Saturday, August 18, 2012

Home Theatre PC

 HTPC (Home Theatre PC) aka The Media Centre PC

I had a thought, I know that's a dangerous thing to have, never the less I had one, "Wouldn't it be handy to have a HTPC". So I have a spare motherboard and processor, 4Gb of DDR2 memory and a 500Gb hard drive; just need a case. This is where my troubles began. I wanted a full height media centre case because I happen to have a fairly decent 500w power supply that runs fairly quietly, which is essential for a HTPC. Looking around the Net for a case I found loads of ITX and slimline micro ATX form factor cases and one or two very expensive enclosures from the likes of Antec, and Zalman costing upwards of £150, way out of my price range. My requirements were fairly modest, it had to be a black desktop style case to match my TV and peripherals, microATX and have a minimalistic appearance. Front facing USB naturally to accept thumb drives etc. and a card reader would be nice.

I settled on a X-Case Q100 from at £36 + £7 next day shipping well under my £50 budget for a case. Their site has a few reviews mostly positive, it looked the part and came with a remote for Windows Media Centre although it didn't have a card reader it ticked all the other boxes so I took the plunge. true to their word delivered next day.
This case is a strange beast with the power supply surprisingly situated at the front of the case. There is a vent in the case lid immediately above the power supply air intake and it exhausts out of the underside of the case fascia.
Hot air is expelled by two 60mm fans to the rear of the unit roughly where the power supply would be on a more conventional case. It is supposed to be designed for microATX for factor motherboards at (244mm x 244mm), however to fit my Gigabyte GA-MA785GM-US2H microATX board, which is a full 1mm smaller in both dimensions so some percussive maintenance was required. The drive cage encroached on the motherboards turf by 1.5mm so I had to use a large flat blade screwdriver to hammer a slight dent in the upright pillar at the bottom enabling the board a snug fit.

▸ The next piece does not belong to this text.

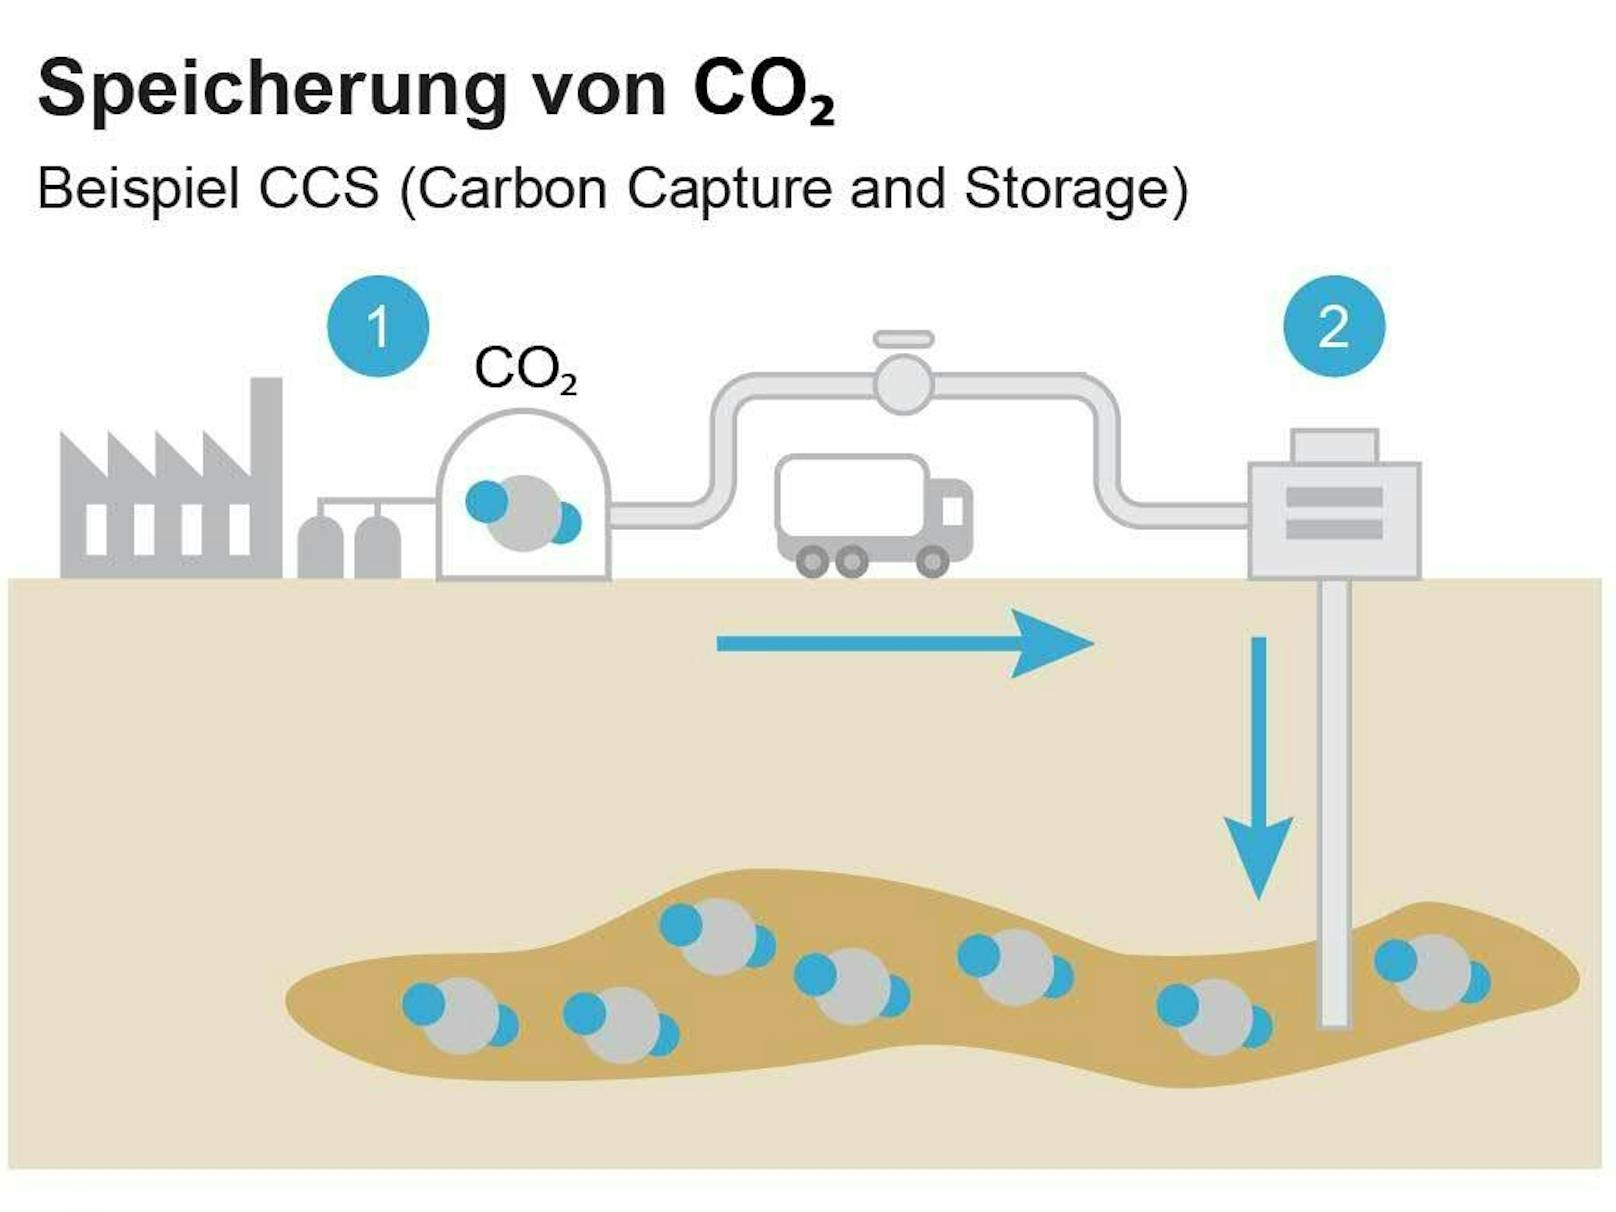 Schematische Darstellung von CCS (Carbon Capture and Storage): 1) CO2 wird bei Industrieproduktionen abgeschieden bzw. aus der Luft gefiltern und 2) in z.B. ehemalige Erdgaslagerstätten gepumpt und dauerhaft gespeichert.

Once I had fitted the motherboard I built the rest of the PC up without much incident although the drive cage wasn't the sturdiest nor easiest I have encountered, so all seemed well at this point.
However booting the machine into the bios it was apparent that cooling was going to be a serious issue. Now was where I discovered the the obvious mistake the designers made, plenty of vents to expel hot air but not enough opportunity for cool air to enter. This results in the screaming fan of my stock AMD cooler running at full blast and spectacularly failing to cool the processor while making my ears bleed. To cure this problem more cool air over the processor was needed so I performed a case modification by installing a 90mm whisper quiet fan in the case lid directly over the CPU cooler to force cool air onto the heat sink and fan, thus turbocharging the cooling. The two 60mm exhaust fans I left in place to expel the hot air and its good to go.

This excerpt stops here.